FIG. 3 illustrates a particular example of a similarity map calculated by an image coder;

FIG. 4 illustrates a particular example of a similarity map for 9 pixels around an extremum;

FIGS. 5 and 6 illustrate a particular example of a parabolic model for the similarity map;

FIG. 7 illustrates an improved variant of the modeling of the similarity map;

FIG. 8 illustrates a detail of the calculation of the orientation in the improved variant of FIG. 7; and

FIG. 9 depicts schematically a particular embodiment of an apparatus able to implement the present invention.

A video coded by blocks within the meaning defined by the Moving Picture Experts Group (MPEG) consortium, such as for example in the standards MPEG4 Part 2 and H.264, is considered.

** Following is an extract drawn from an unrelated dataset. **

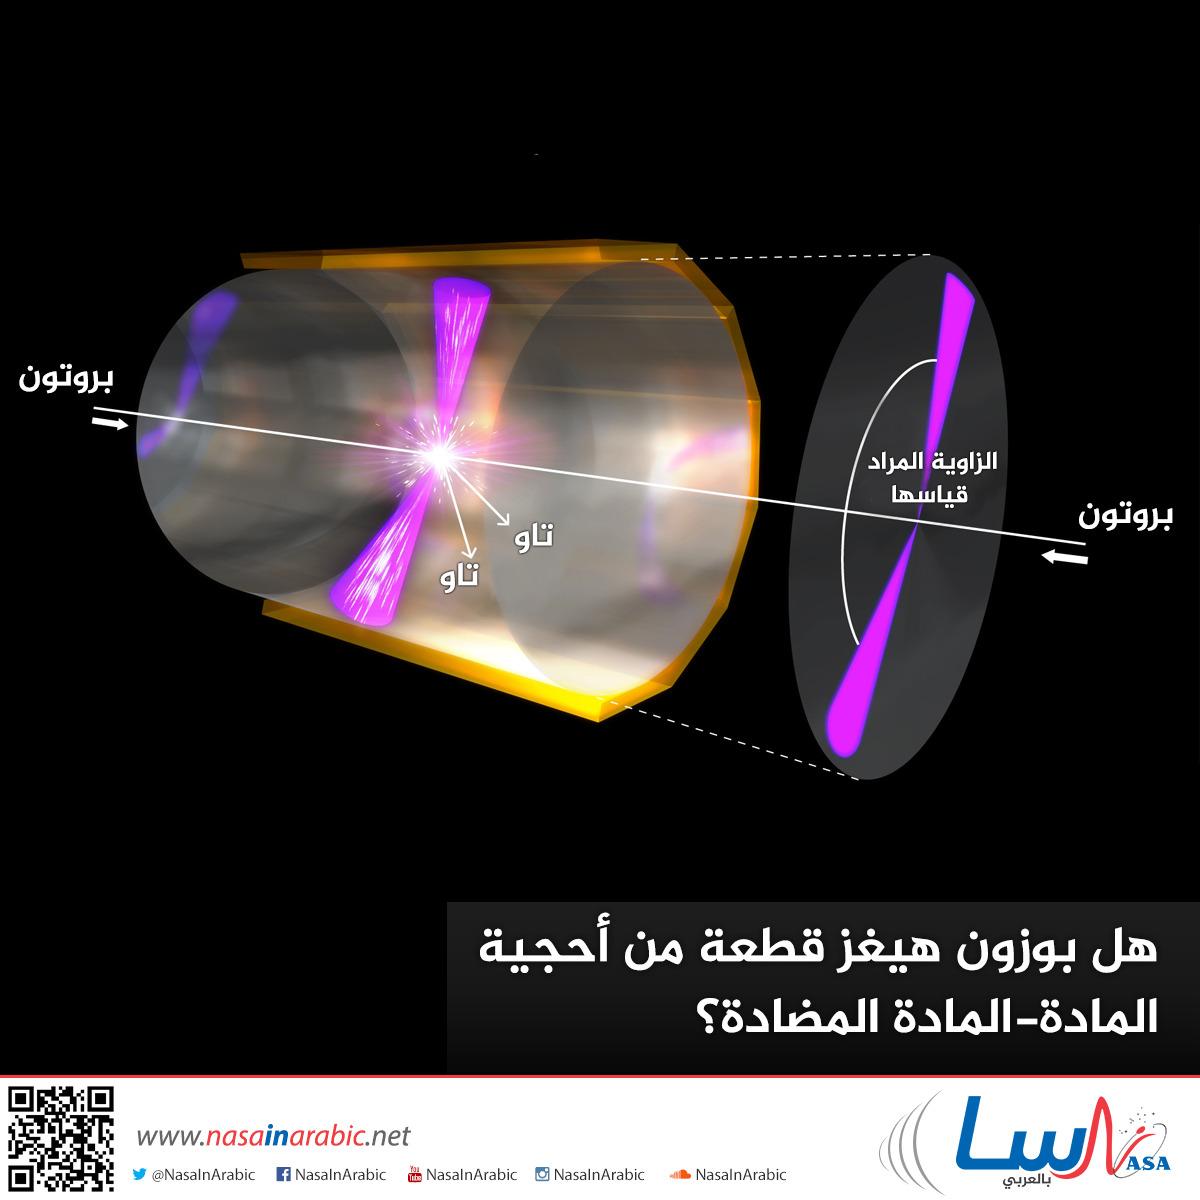 هل بوزون هيغز قطعة من أحجية المادة-المادة المضادة؟

The coder has several modes for coding an image of a video sequence, referred to as the current image.

An image in the sequence is divided into square blocks or pixels referred to as macroblocks. A macroblock will be designated hereinafter by the abbreviation MB.

In “P” mode, the current image is associated with a motion vector field. A motion vector translates, for each MB of the current image, a relative translation pointing to a reference image.

The MB to be coded is then subtracted from the pointed-to MB of the reference image. This subtraction defines the residue. It is almost zero if the movement between the reference image and the current image is zero or correctly approximated by a translation. This method, well known per se, is referred to as motion compensation.

For an MB of the P type, the coder codes the motion vector, the number of the reference image and the residue transformed by the discrete cosine transform (DCT). In practice, an MB is generally a square with sides of 16 pixels (with possibilities of sub-blocks in particular for MPEG4 and H.264 formats) and the reference image is often the image preceding the current image. The motion compensation therefore makes it possible to obtain an approximation of the current image from the reference image or images according to a vector field representing the translation of each of the MBs of the current image.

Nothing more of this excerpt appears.